While weighting requirements for importance is critical to selecting best-fit enterprise software, other benefits that flow from the exercise are reduced implementation costs and improved end user buy-in.
Too often, RFPs (or RFIs, or RFQs) are just lists of requirements with little thought of how important those requirements are. In the absence of importance ratings, all requirements must be treated equally. This is never accurate because some requirements are always more important than others. Here's a look at why it is worth rating requirements for importance, and how to do it.
Rating requirements for importance means capturing who wants them, why they want them and how important they are. In doing this, the organization is exploring, discovering, and documenting their needs. Rating requirements should be done by the process owners and subject matter experts, and not by those who capture the requirements in the first place. While most organizations looking at a particular type of enterprise software have very similar requirements, it is the relative importance of those requirements that makes each organization unique.
Capturing this information creates the requirements matrix, where all requirements can be traced back to their owners. If any requirements need refining, the owners of those requirements are known and can be approached for further information. Since the organization is capturing requirements to select off the shelf software, there is no need to tie requirements to processes. That level of detail is only necessary when developing software.
Requirement importance is also used during software implementation. Why the requirement is wanted and how important it is guides the implementation team. If they need more information when configuring the software, they have the names of the requirement owners to contact. Having this information readily available reduces implementation time and cost over-runs.
Rating requirements for importance allows the elimination of unimportant requirements, which reduces the work of evaluating products. It also creates an audit trail. Anybody can come back later and see that the requirement was considered and deemed unimportant. They can also see why this decision was taken, and who made it.
Vendors are sometimes reluctant to respond to RFPs, and this can cause best-fit software to be overlooked. One way of enticing vendors to respond is to do two rounds of RFPs. The first round contains only showstopper requirements, which is usually about 10 percent of the total. Since there is much less work to do, more vendors tend to respond. Shortlisted vendors are then identified and sent the full RFP. Because the vendor knows they are on the short list, they are more likely to respond to that full RFP.

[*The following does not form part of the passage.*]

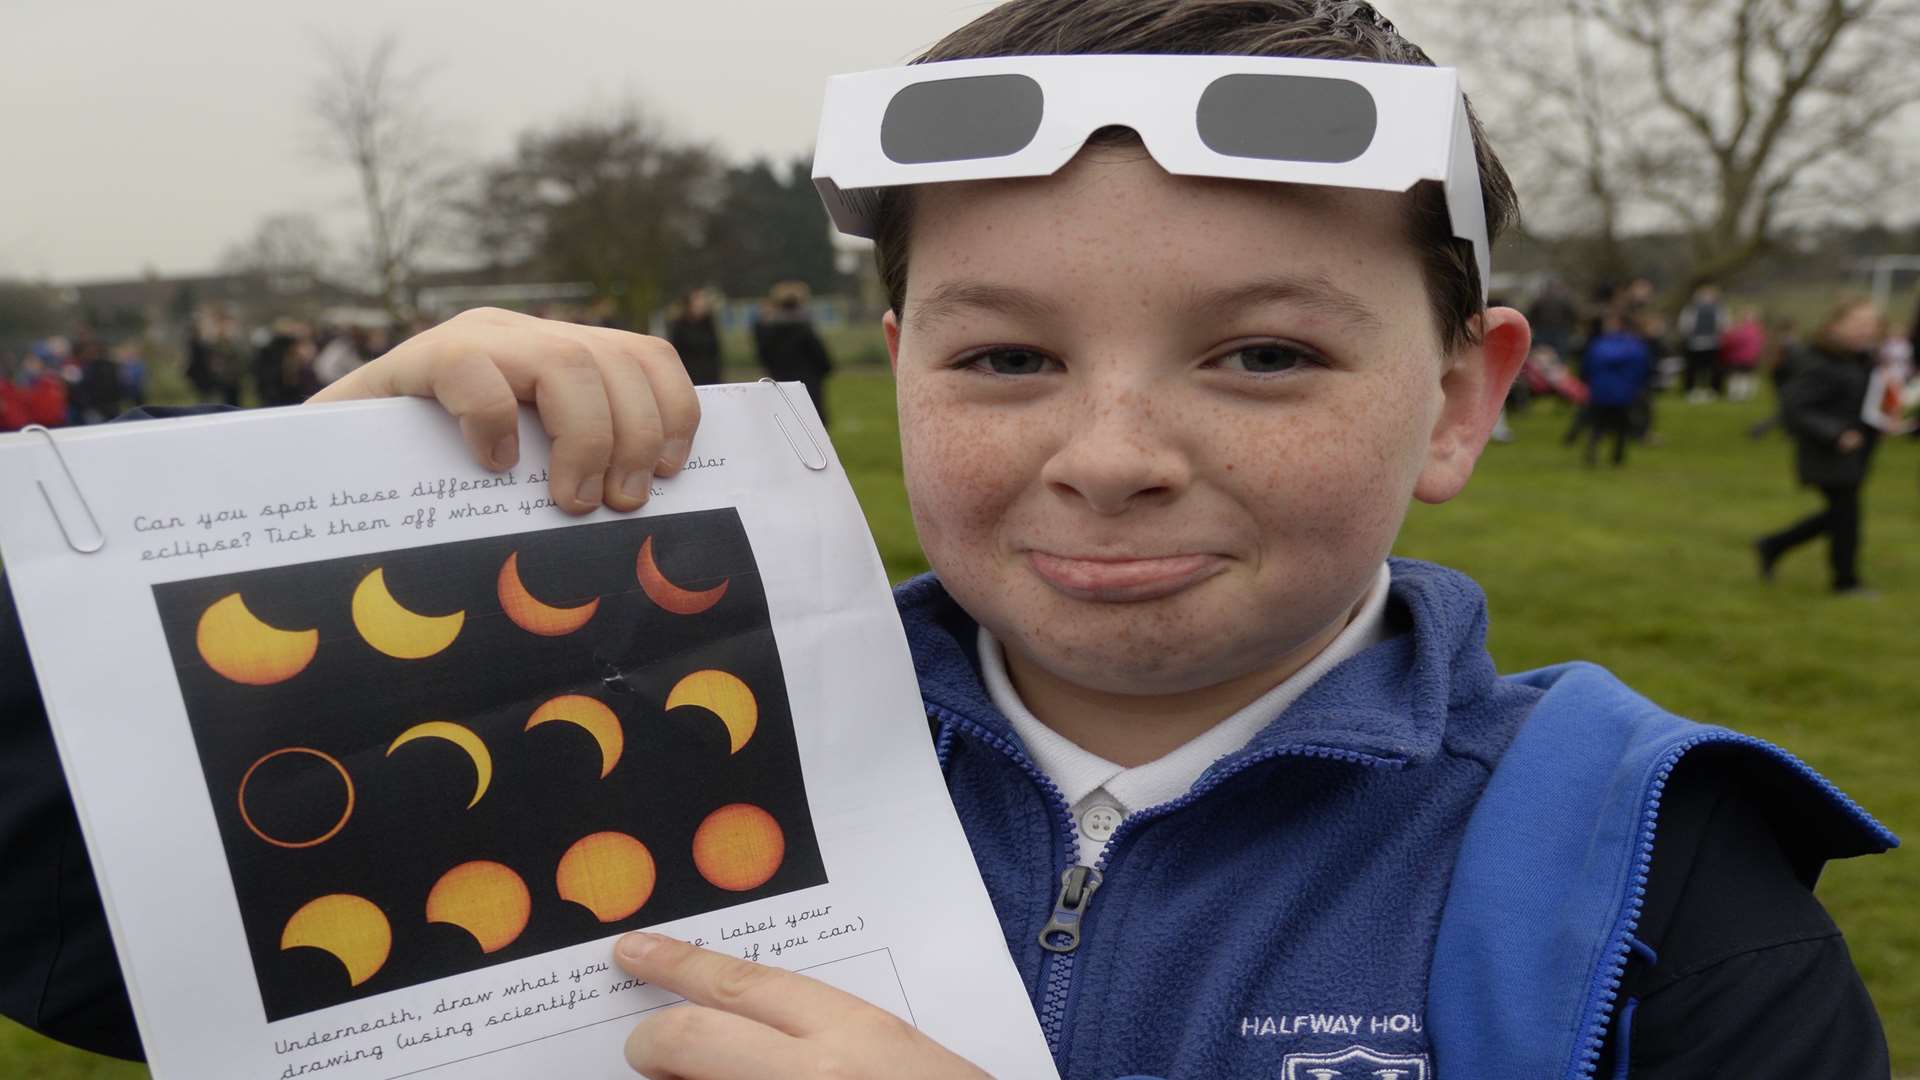 Lennon, 11, points out what people would have seen had clouds parted.

Occasionally vendors can be “over optimistic” in their RFP responses. Rating requirements for importance is used to audit RFPs and eliminate inappropriate responses before the software is purchased. More on that in a future post.
How to weight requirements for importance
Gather subject matter experts and process owners around the table when weighting requirements for importance. Keep team sizes to less than about a dozen people, and focused on their subject areas. If teams get too large, they slow down. Break them up into sub-teams that focus on subject matter that is more specific.
One unexpected benefit we discovered from using teams is this: When people weight requirements for importance, they feel listened to and involved. Their name is attached to a number of requirements, and they have been heard. This builds process buy-in, and these people become champions for the new software when it is launched.
Ensure all people in the meeting use the same scale when weighting requirements. Give them a Requirements Weights printout with explanations of what each weight means. See the example below. Note that each requirement has a weight. The weight is used to calculate a score when rating products against the requirements.
|6||Show stopper||If features satisfying this requirement are inadequate, the product is almost certainly excluded. Few requirements are true show stoppers, usually most of these are critical.|
|5||Critical||Functional integrity would be compromised if this requirement is not adequately met. Major effort would be needed to work around the limitation.|
|4||Very important||There would be significant limitations if this requirement is not adequately met. Substantial effort would be needed to work around the limitation.|
|3||Important||If this requirement is not adequately met, some effort would be needed to work around the limitation.|
|2||Useful||Somewhat important. Useful if the requirement is satisfied, but if not there would only be a minor inconvenience in working around it.|
|1||Nice to have||This is not an important feature. Nice to have if it is included, but nothing to worry about if it is missing.|
|0||No interest||No need for this feature, don't care if it is included or not. This importance weight verifies the requirement has been considered for a particular person or group, and they have no need of it.|
Requirement weighting meetings go faster if there is one person managing the meeting, and a second person documenting user responses. We average about 30 requirements an hour, but that can vary tremendously. In general, the more detailed the requirements are, the less time weights take because the requirement scope is smaller. Broad requirements tend to be endlessly debated.
A comprehensive list of requirements rated for importance forms the foundation of a data driven approach to evaluating software. Particularly important for governmental organizations, this can prove the software was selected without undue influence. But even more important, the act of capturing a comprehensive list of requirements and weighting them for importance means the organization thoroughly understands its needs. This goes a long way towards avoiding those software disasters that so regularly bubble up into the technical press.
This article was origionally published on CIO.com on April 10, 2015 and updated on February 12, 2017.